Surgical workflow analysis is an important safety guard for the surgeon: with it, a computer is able to scan a video of a surgery, either offline after it has already been performed or online during the surgery itself, and automatically identify at what stage the surgery is at.
Endoscopy has revolutionized the field of surgery by allowing many procedures to be performed in a minimally invasive manner. However, success of the surgery is highly dependent on the endoscopist’s skill and experience, as tighter spatial constraints both for the camera and the surgical instruments mean that precise manual control is required.
AI and computer vision have the potential to aid the surgeon and improve the quality of the procedure. Some examples of their use are in surgical workflow analysis and surgical instrument detection. These applications bring many benefits and lay the groundwork for what will one day be the holy grail of computer-aided surgery – fully robotic surgery.

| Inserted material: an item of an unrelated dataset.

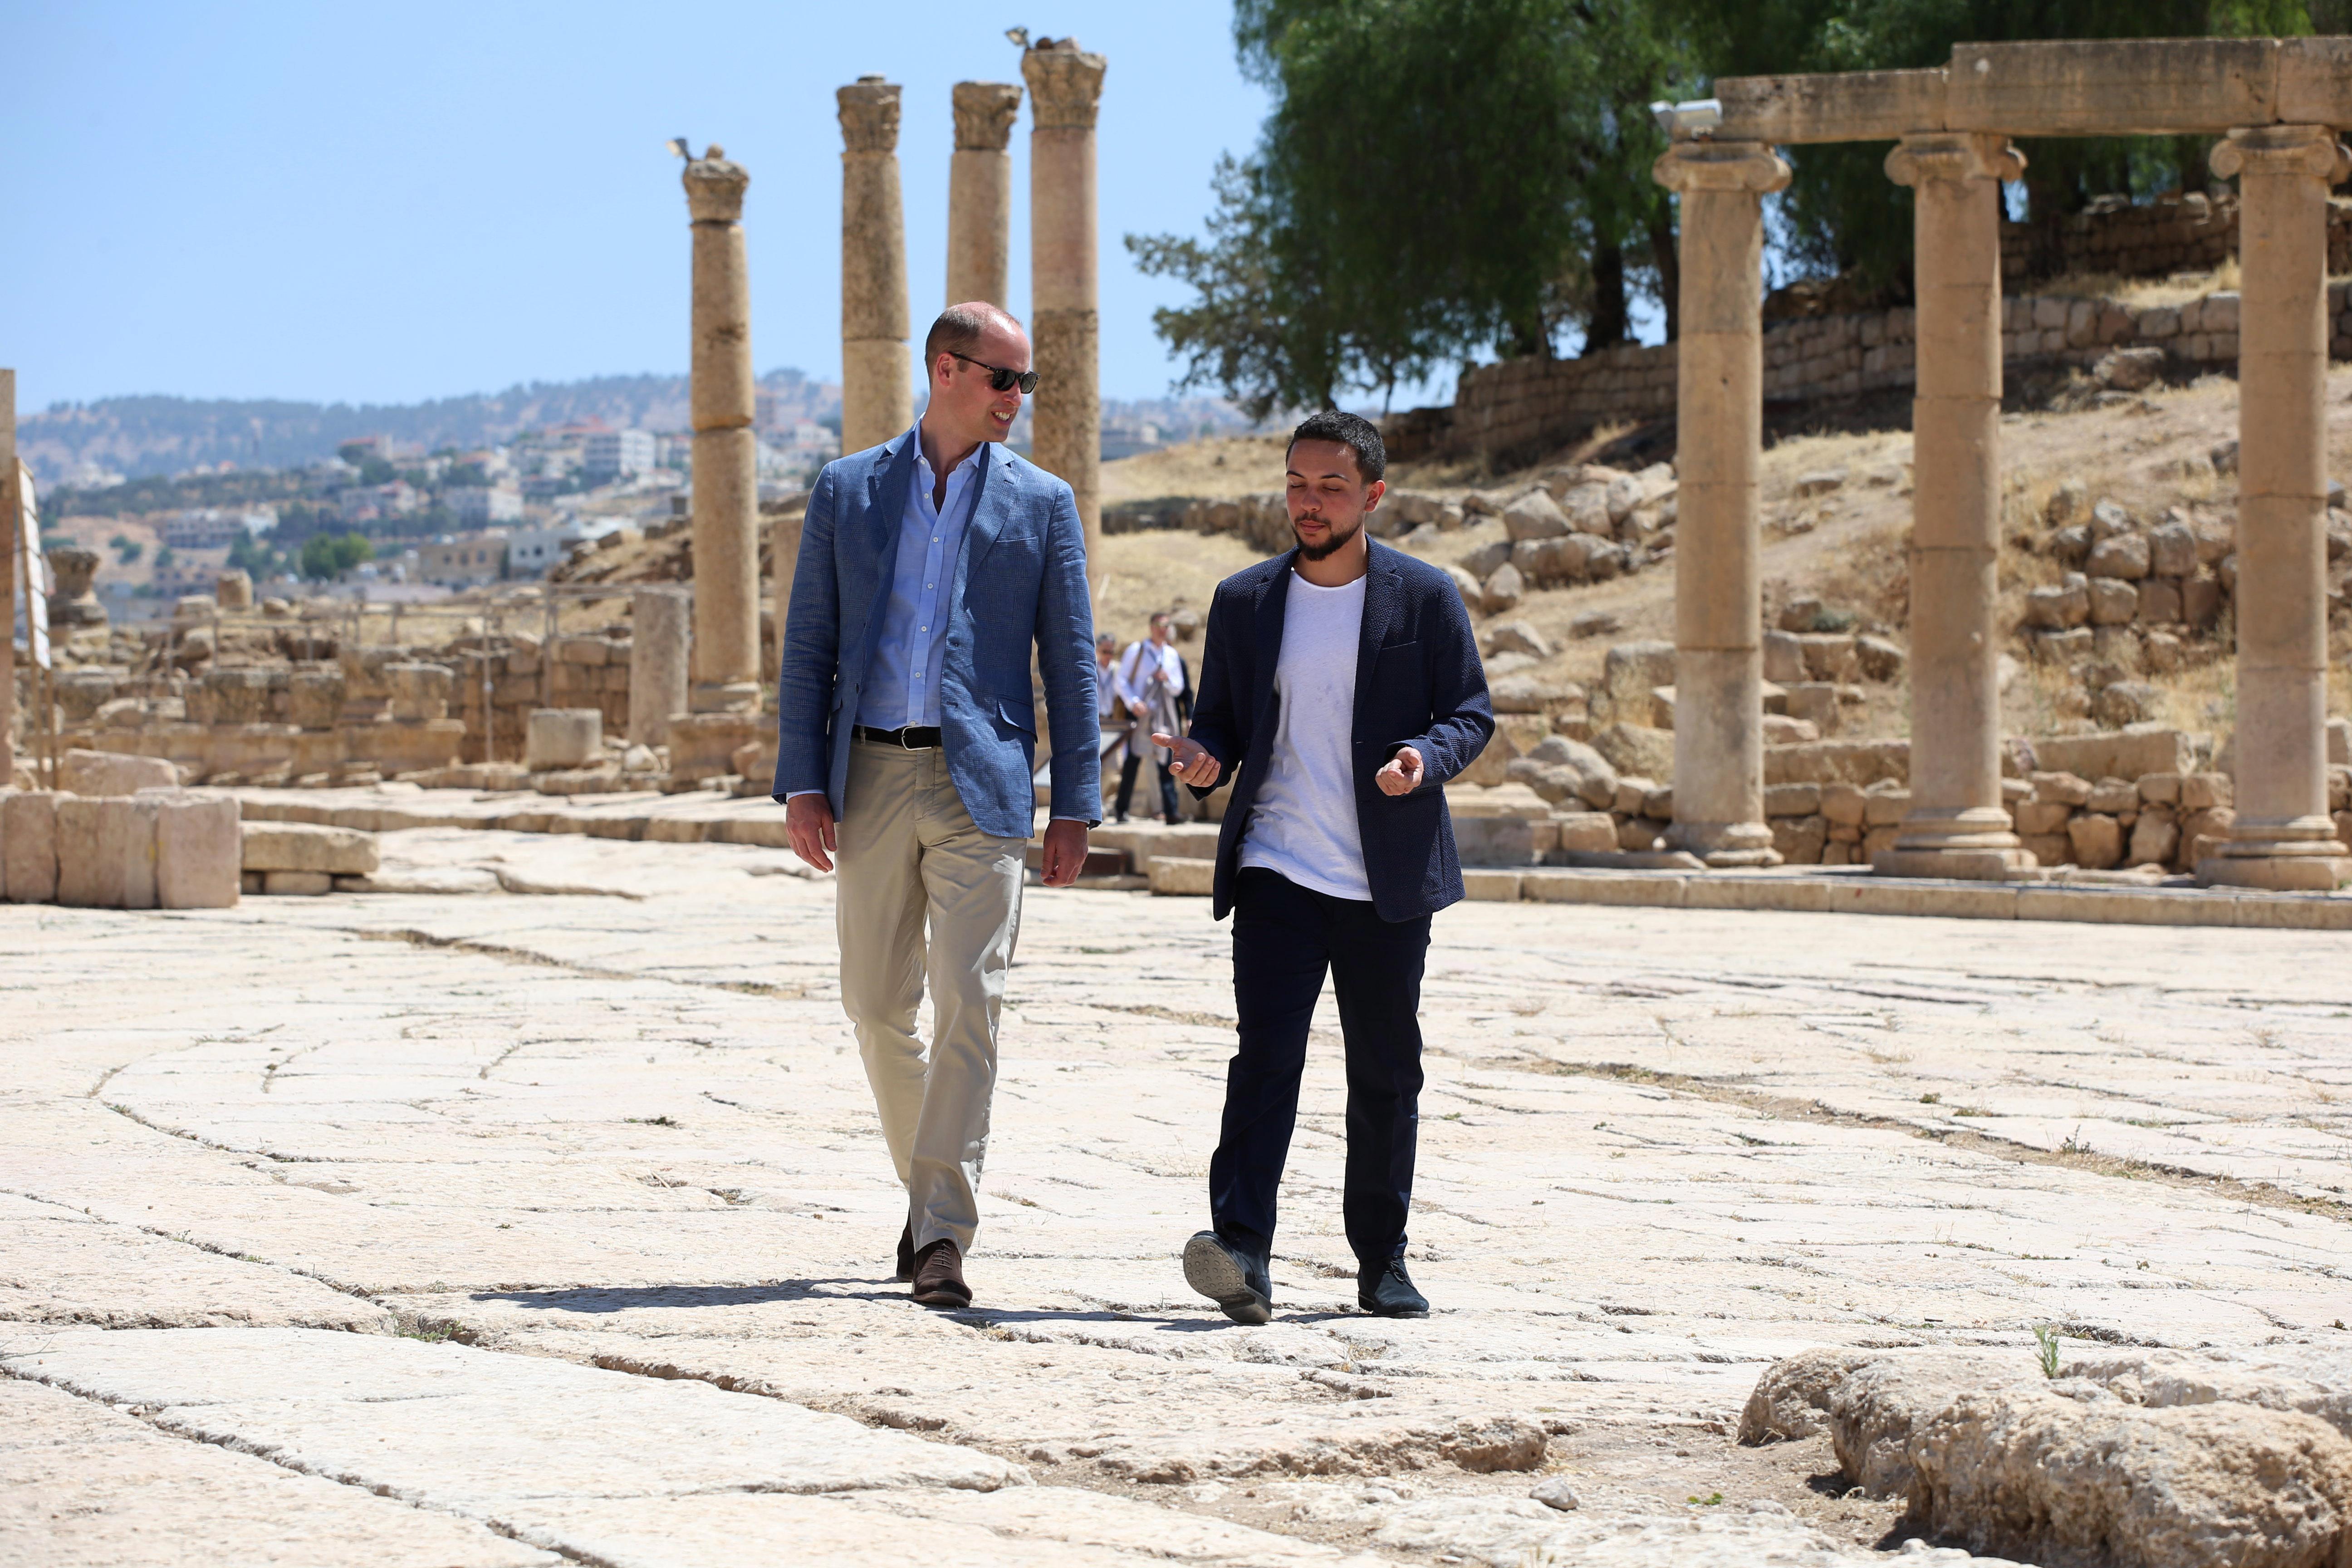 AMMAN, JORDAN - JUNE 25: Prince William, Duke of Cambridge and Crown Prince Hussein of Jordan visit the Jerash archaeological site on June 25, 2018 in Amman, Jordan.

With surgical workflow analysis, a computer is able to scan a video of a surgery, either offline after it has already been performed or online during the surgery itself, and automatically identify at what stage the surgery is at. This is an important safety guard for the surgeon. If the surgery is at a specific stage and the surgeon tries to use a tool which is not suitable at that point, then the computer can alert them to that fact.
The computer can also suggest to the surgeon what the next step should be. It could suggest they use a specific tool or display pertinent information at any given time. For example, if the operation is to remove a growth and the computer identifies that the growth is visible, then it can display that information together with any other relevant information for the surgeon.
Another interesting application of workflow analysis is for assessing the remaining time of surgery. For example, in a hospital setting where there are many operating rooms and patients awaiting surgery, it is useful to have an estimate of how much more time remains for each procedure. This is something that the computer can do based on the analysis of the video being streamed.
Offline video analysis can be useful for building a database of video segments, for training and for quality assessment of the surgeon.
Initial attempts to deal with surgical workflow analysis were based on visual cues. Visual cues are where it is known that in a procedure at a certain point a specific instrument will be used, or something will be seen. These cues were programmed into a computer or algorithm so that it knew that this frame belonged to this stage and that frame belonged to another stage.
This process was specifically tailored to each procedure. However, it is much better to have something more generalized which can be used for different types of procedure. That is why deep learning is the way forward.
Work on deep learning was frame-based originally. The computer looked at an individual frame without the context of the full video. Convolutional neural networks (CNNs) were used to analyze the frame and identify to which stage it belonged. This had limited success because each frame is part of a sequence. If you are able to analyze a sequence as a whole, you have a better chance of knowing with stage you are looking at.
Another approach is to compare every two frames. A siamese neural network can compare different frames and decide which one comes before the next and this can be used to place the frames in the correct order.
A more complex approach is to use recurrent neural networks, or more specifically, Long Short-Term Memory (LSTM) networks, which analyze a temporal sequence of frames and look for specific cues in the whole temporal sequence. One of the more advanced works uses a 3D CNN to analyze the video as a whole and find correlations. Then an LSTM network is used to do the final work and decide what stage the video is at.
LSTMs are tricky to train and use – Daniel Tomer, algorithm Team Leader at RSIP Vision, comments – The recurrent nature of the model makes it harder to visualize and, as opposed to feed forward CNNs, there is more than one way to use the model for inference. You can feed the model batches of frames and get a prediction for all of them at once, or choose to use the prediction of only the last frame of each batch, and you can also feed one frame one at a time and continuously update the inner state of the model throughout the entire process. From our experience at RSIP Vision, we found that there is no better or worse method. Each task has its unique challenges that can be solved by a different inference procedure.